Regression testing checks that bugs you’ve fixed don’t recur. Regression tests are basically unit tests, but your motivation for writing them is different. Once you’ve identified and fixed a bug, the regression test guarantees that it doesn’t come back.

The easiest way to start with testing in Python is to use the standard library module unittest.

The unittest Module

unittest has its origins in the Java testing framework JUnit, which itself was a port of the Smalltalk testing framework SUnit created by Kent Beck. As it is part of the xUnit family unittest is sometimes known as pyUnit.

unittest is an object oriented framework based around test fixtures. In unittest the test fixture is the TestCase class, and its basic usage is very simple:

import unittest

class MyTest(unittest.TestCase):

    def testMethod(self):
        self.assertEqual(1 + 2, 3, "1 + 2 not equal to 3")

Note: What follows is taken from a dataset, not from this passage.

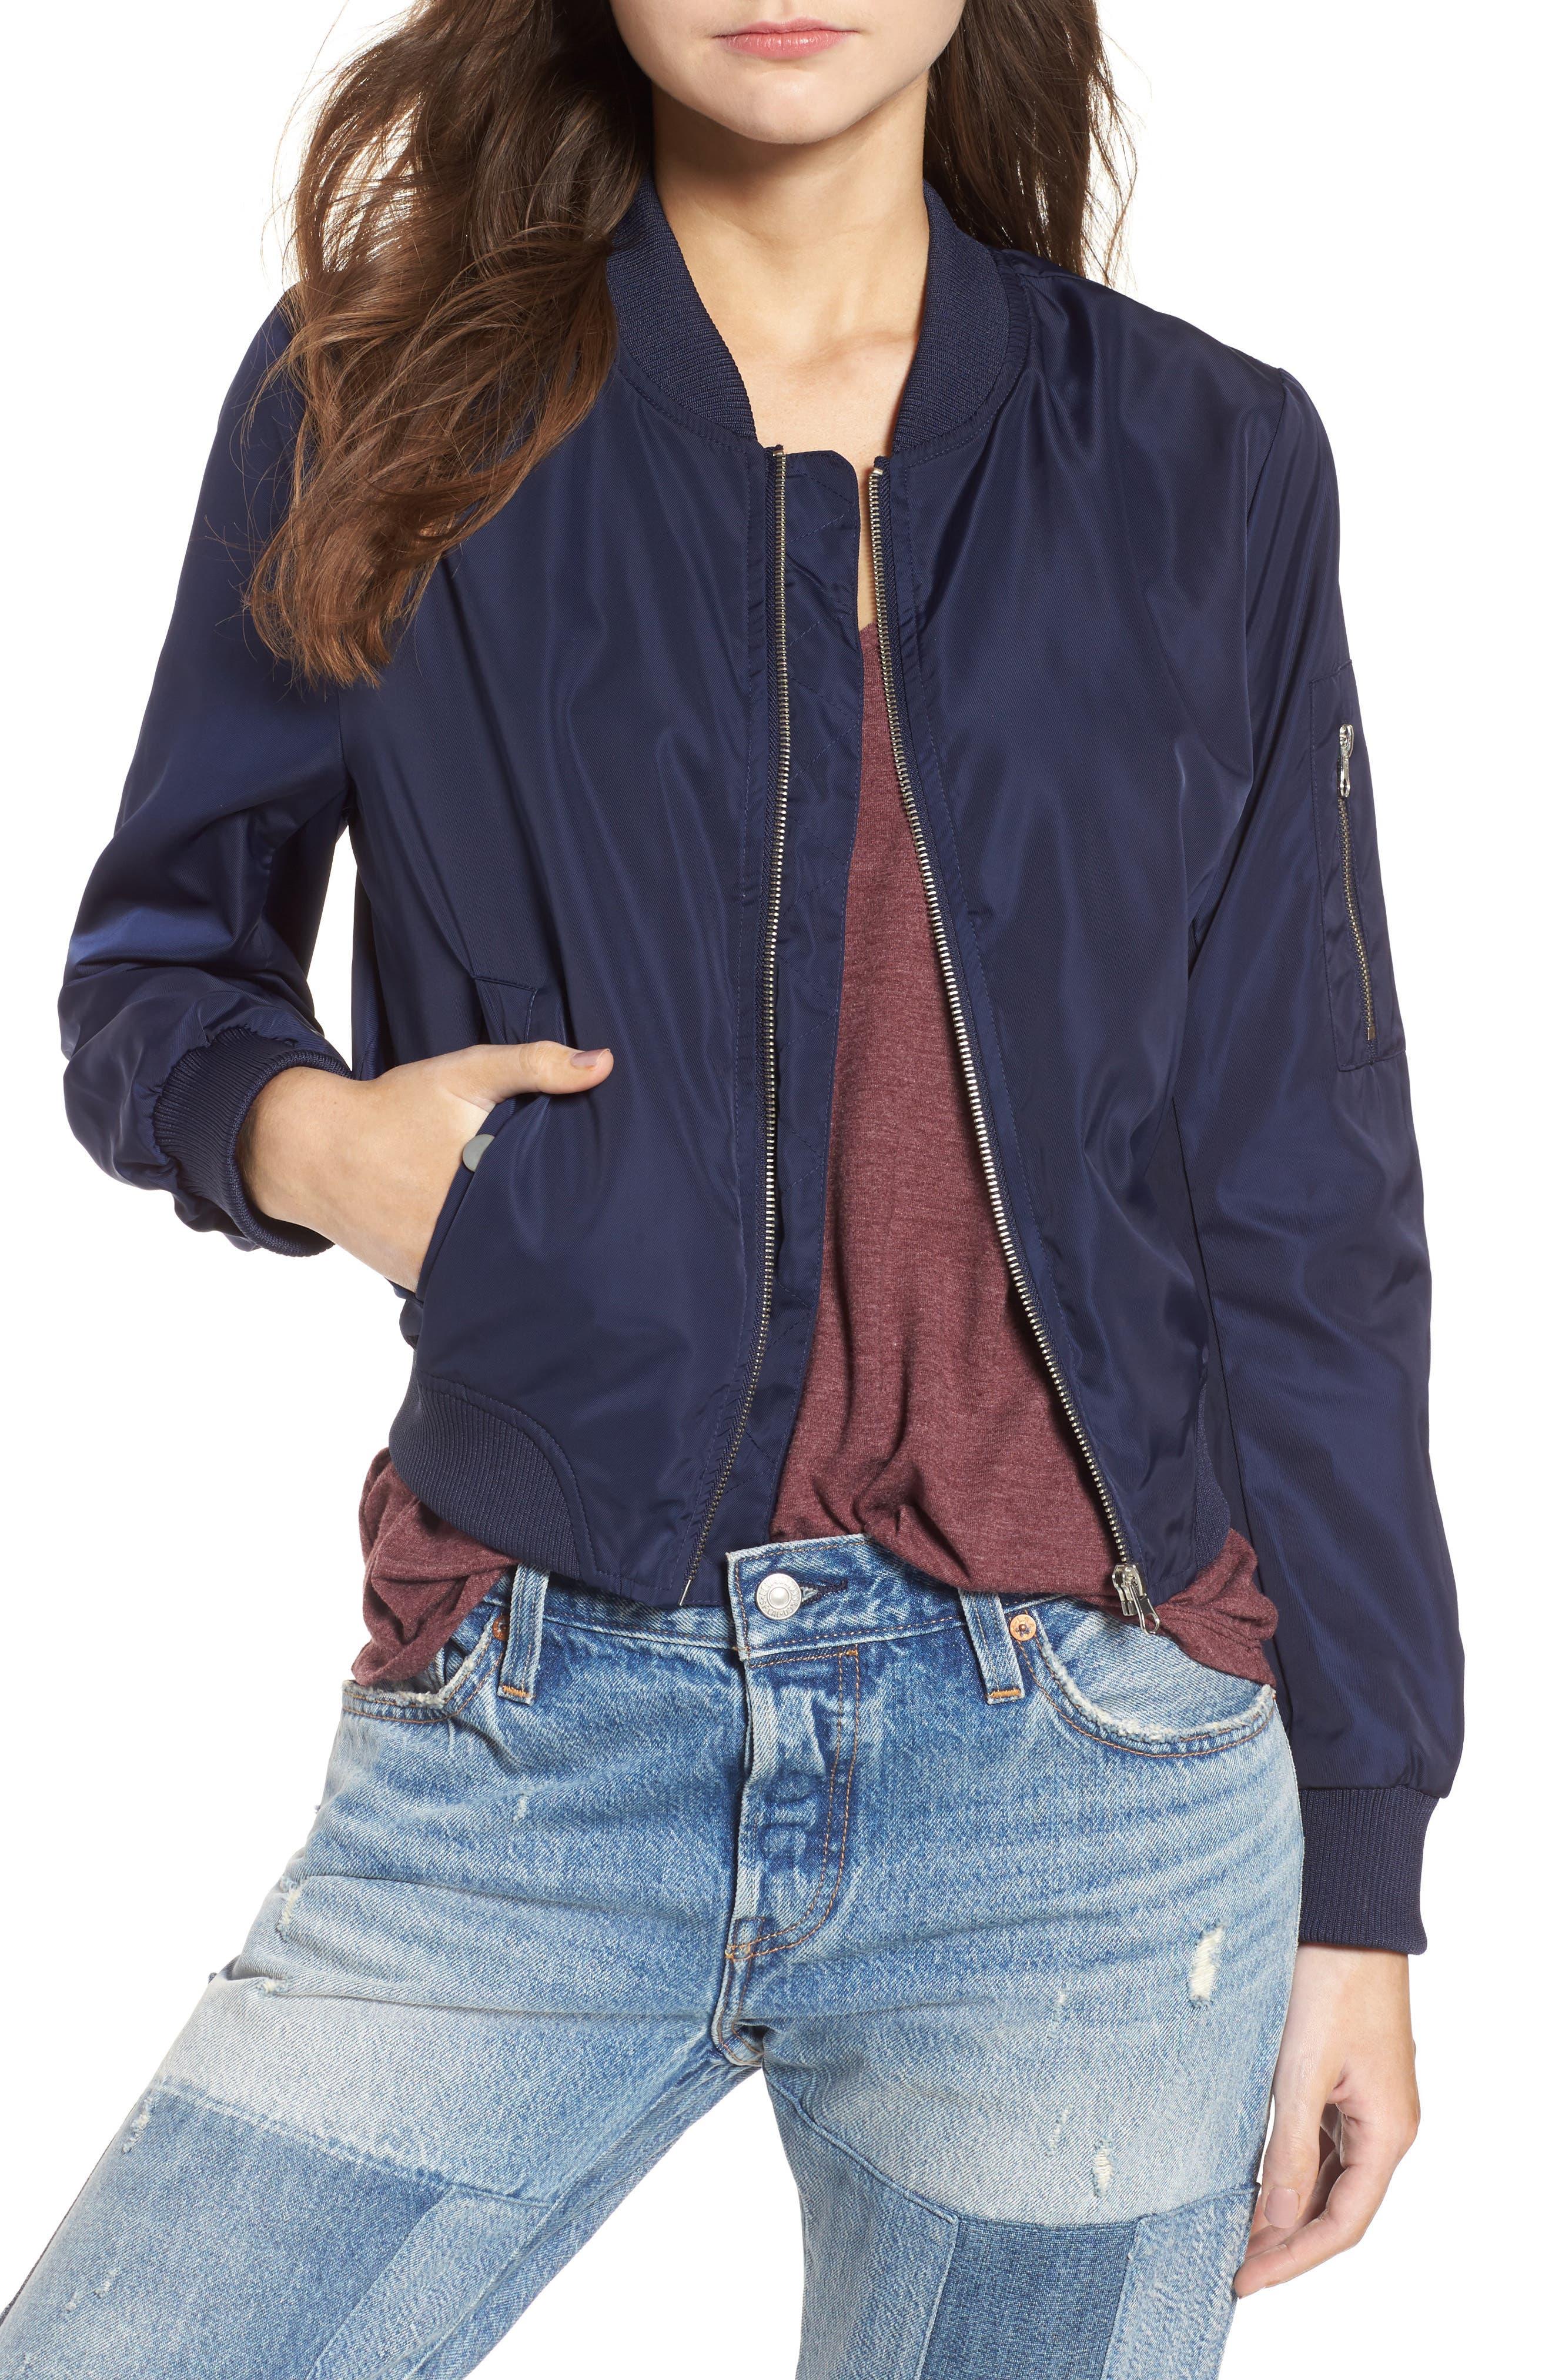 BB Dakota Cayleigh Bomber Jacket

if __name__ == '__main__':
    unittest.main()

You create a new test fixture by subclassing TestCase and defining test methods whose names start with test. The test methods perform actions with your production classes and call assert methods to verify the expected behavior and results.

In large test frameworks it is common to subclass TestCase and provide methods useful for testing your specific project. Your test modules will then subclass your custom test fixture rather than directly inheriting from unittest.TestCase.

The block at the end of the example above calls unittest.main() when the test module is executed directly from the command line:

python test_something.py

This executes all the tests in the test module reporting failures and errors. Test passes are shown as a '.', failures with an 'F' and errors with an 'E'.

The output of running unittests from the command line

To run a test suite consisting of several test modules they must be collected before they can be run.

Loaders, runners and all that stuff

There are a whole bunch of other classes in unittest; test runners, test loaders, test suites, test results and all that stuff. My book IronPython in Action has a more detailed description of how they wire together.

Code to execute tests in multiple test modules might look like this:

import unittest

import test_something
import test_something2
import test_something3

loader = unittest.TestLoader()

suite = loader.loadTestsFromModule(test_something)
suite.addTests(loader.loadTestsFromModule(test_something2))
suite.addTests(loader.loadTestsFromModule(test_something3))

runner = unittest.TextTestRunner(verbosity=2)
result = runner.run(suite)

The code above imports all the test modules separately (test_something, test_something2...) and turns them into a test suite before executing them with a runner. The image below shows the interactions between the classes.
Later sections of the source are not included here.